> Work to be completed
Each line of the listing below must be retyped exactly, with images left out.

> Dataset extract
*** Begin section ***

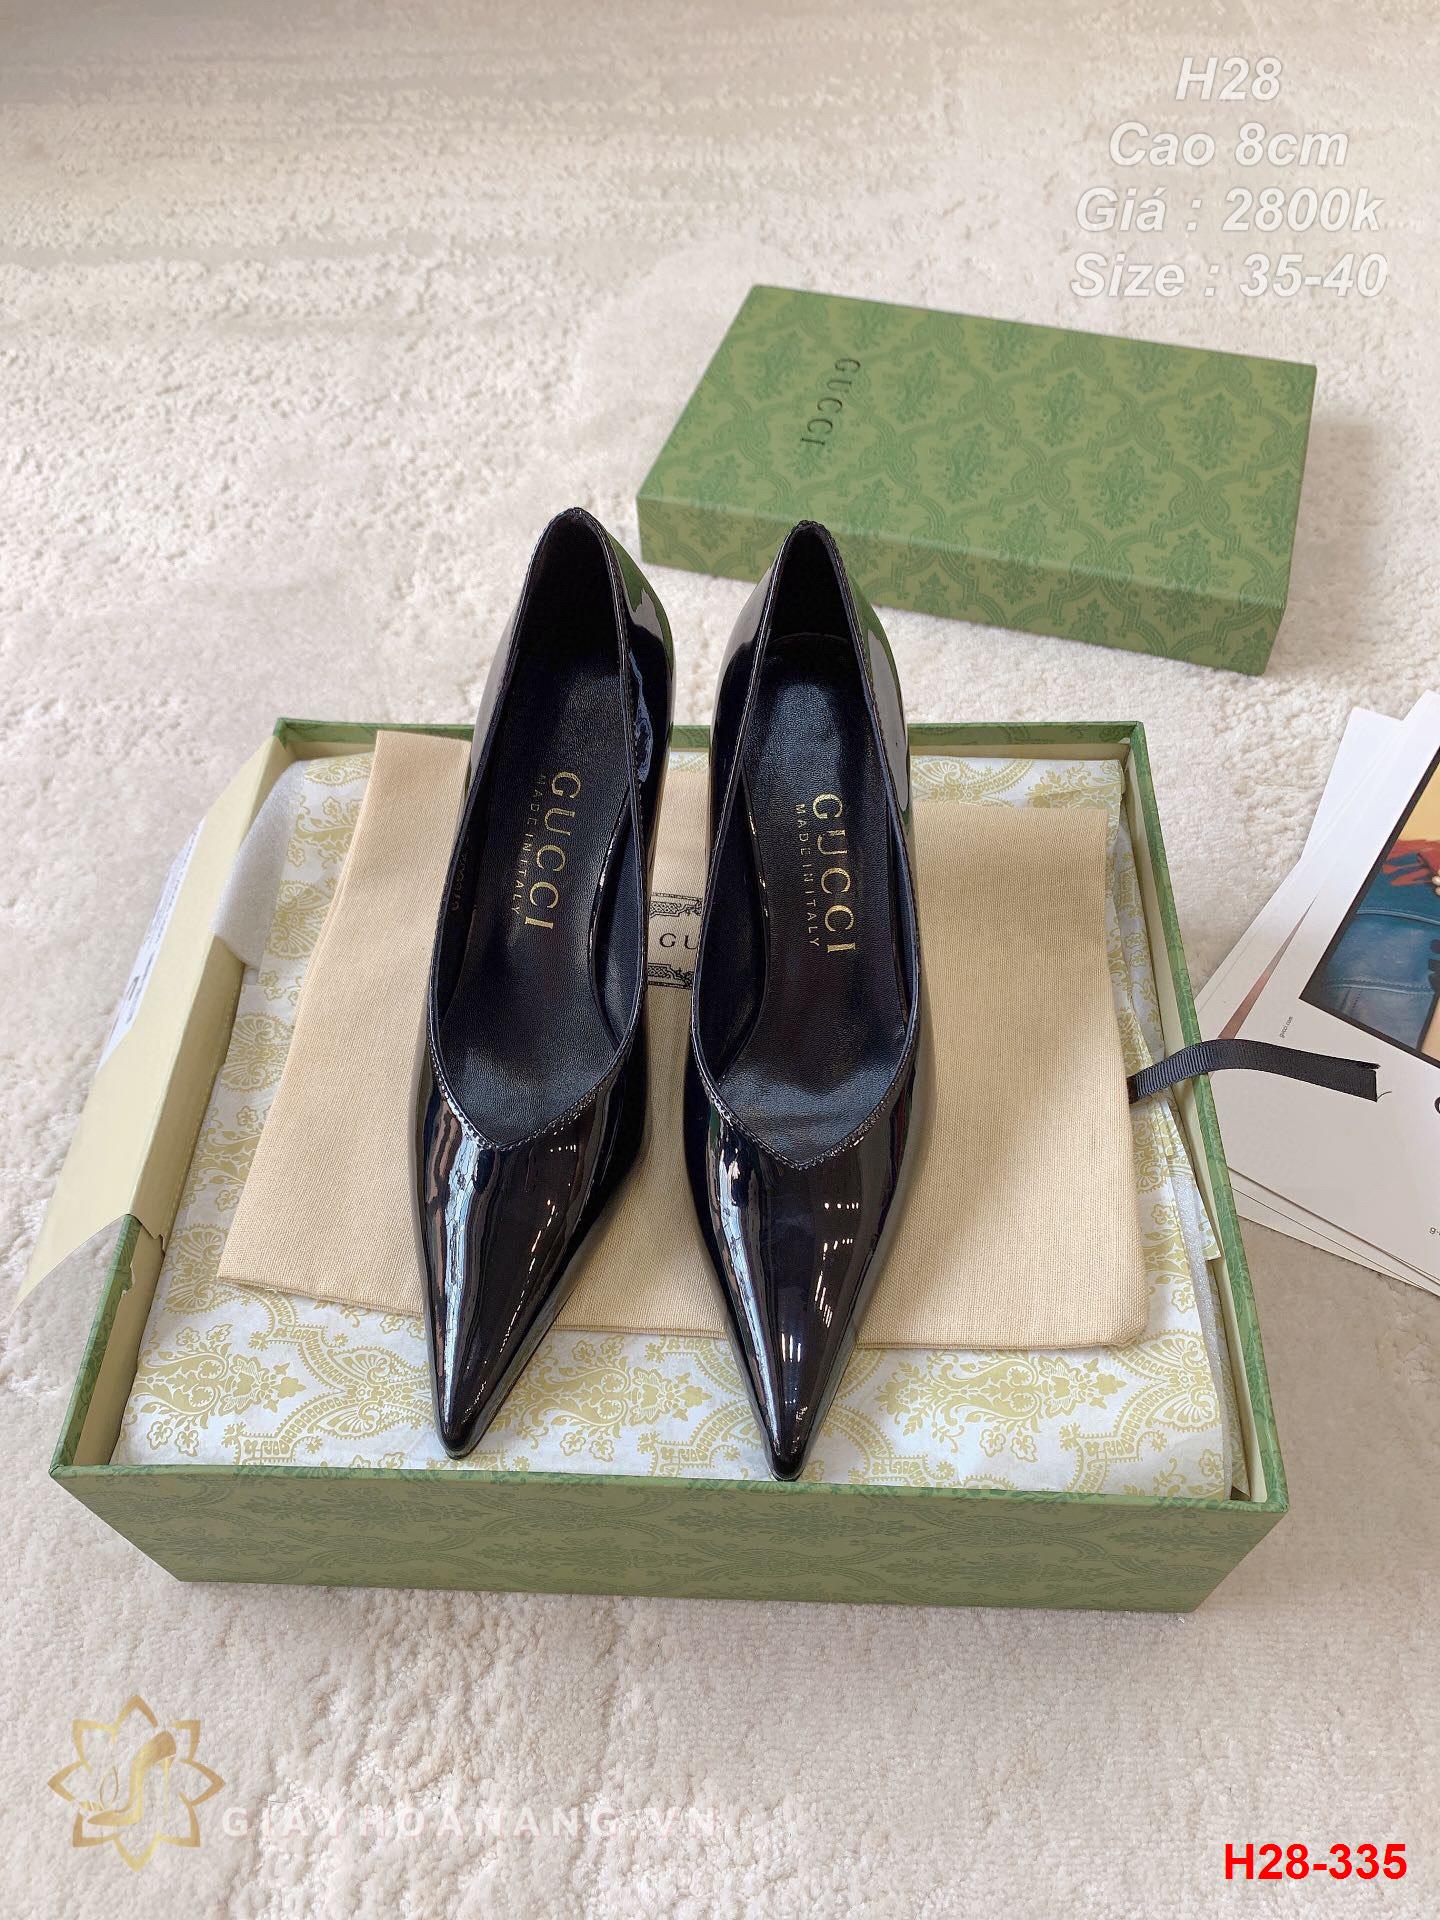 H28-335 Gucci giày cao gót 8cm siêu cấp
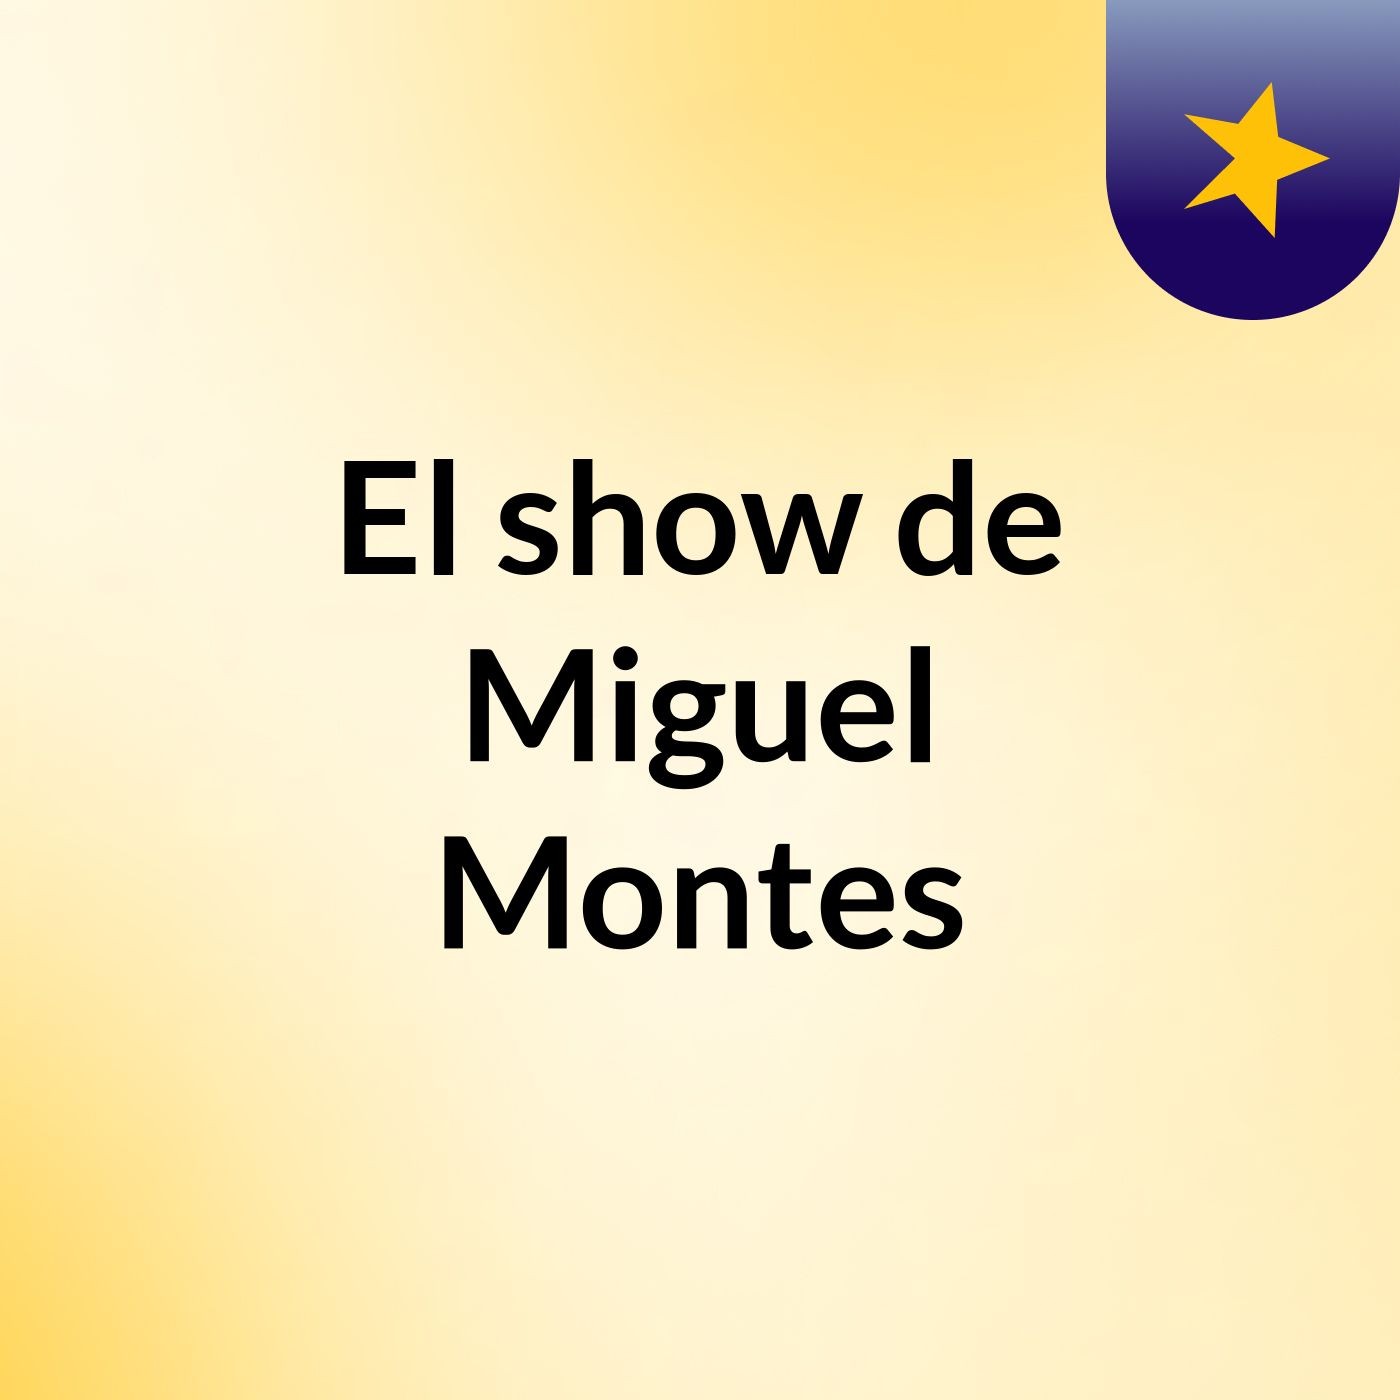 El show de Miguel Montes
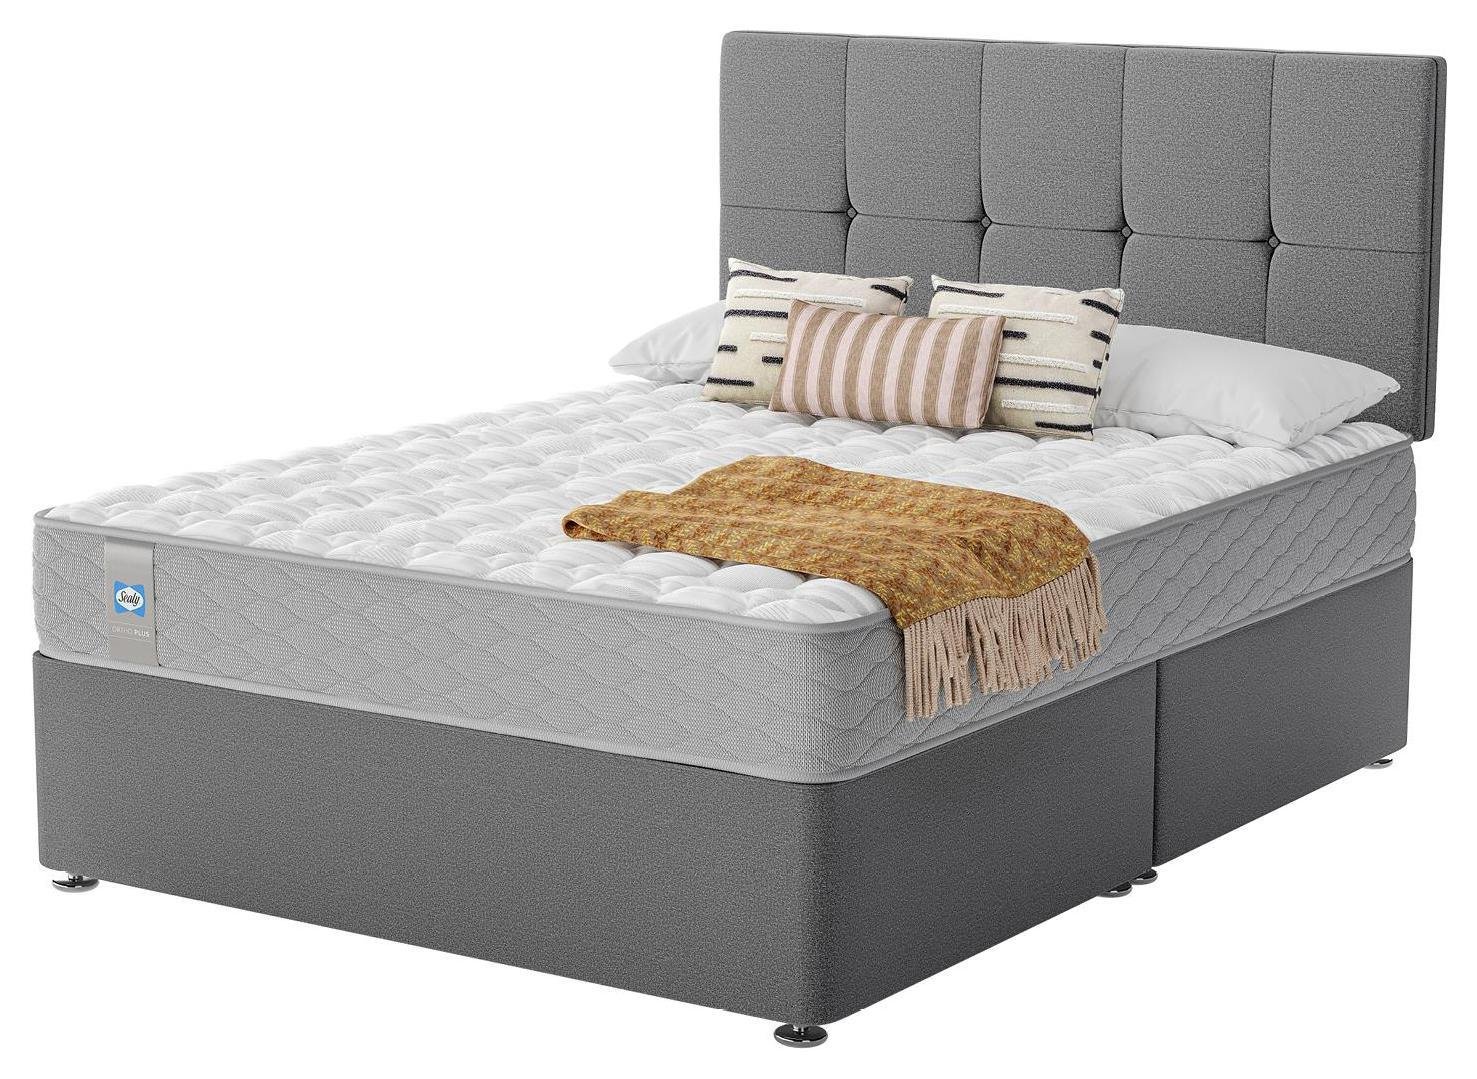 Sealy Eldon Comfort Kingsize Divan Bed - Grey
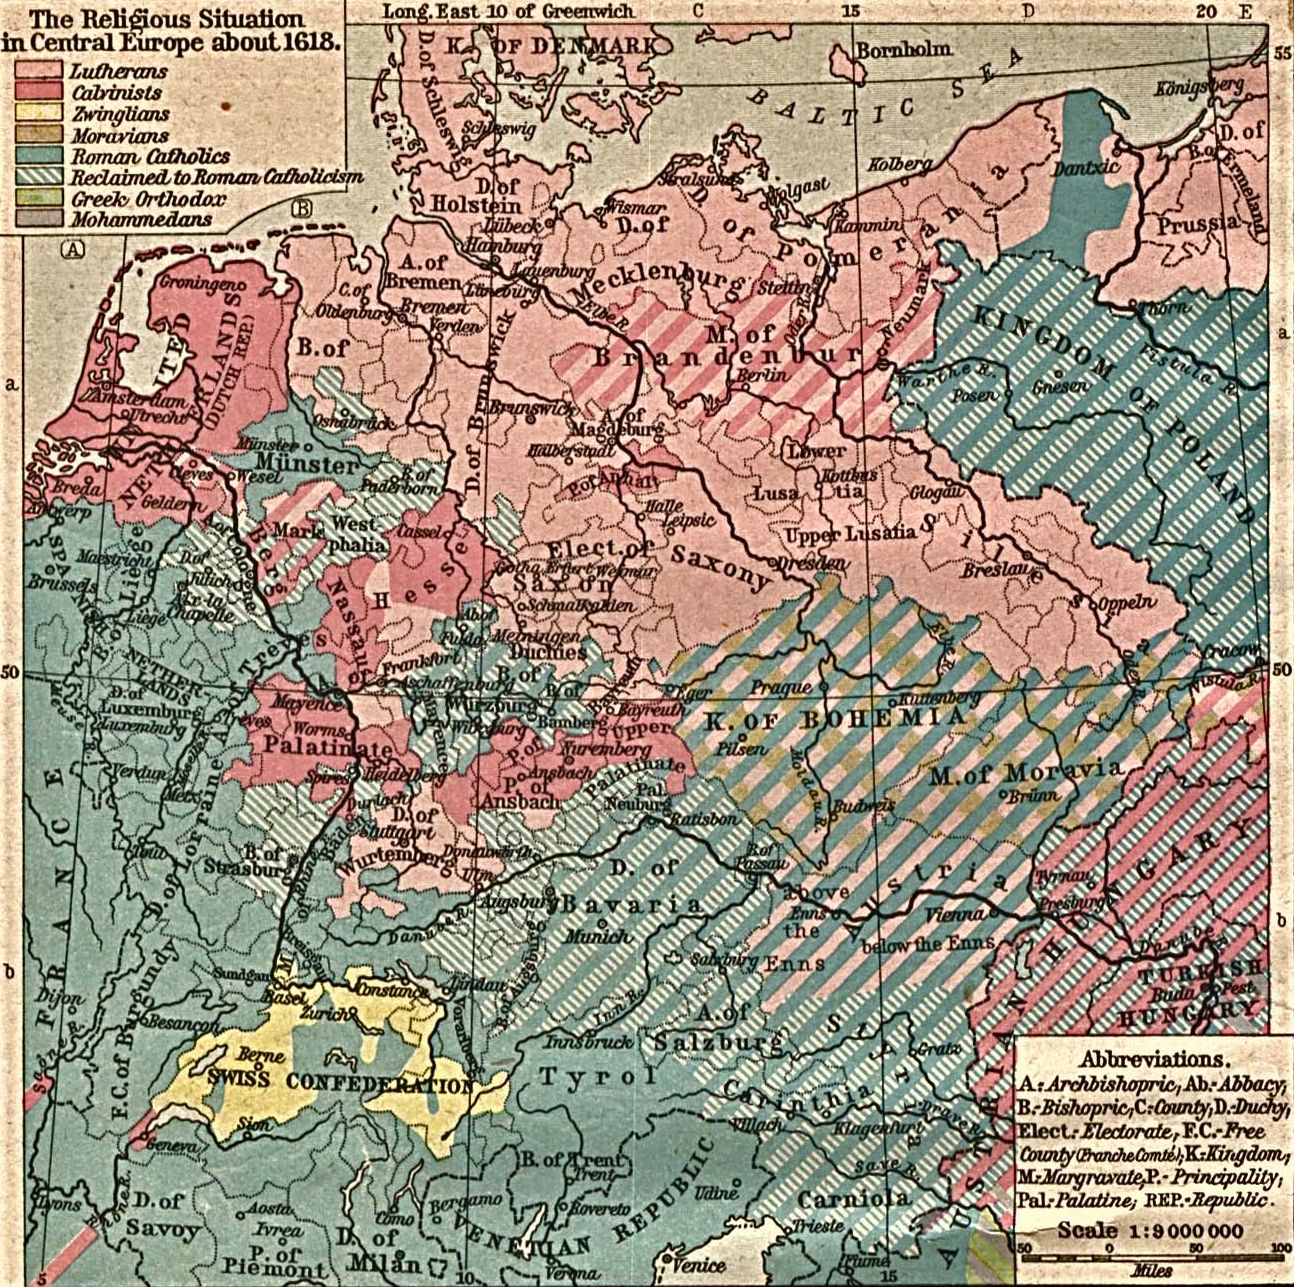 1618年中歐地區的宗教分佈情況。

*** End section ***

> Exercise answer
 H28-335 Gucci giày cao gót 8cm siêu cấp
 El show de Miguel Montes
 Sealy Eldon Comfort Kingsize Divan Bed - Grey
 1618年中歐地區的宗教分佈情況。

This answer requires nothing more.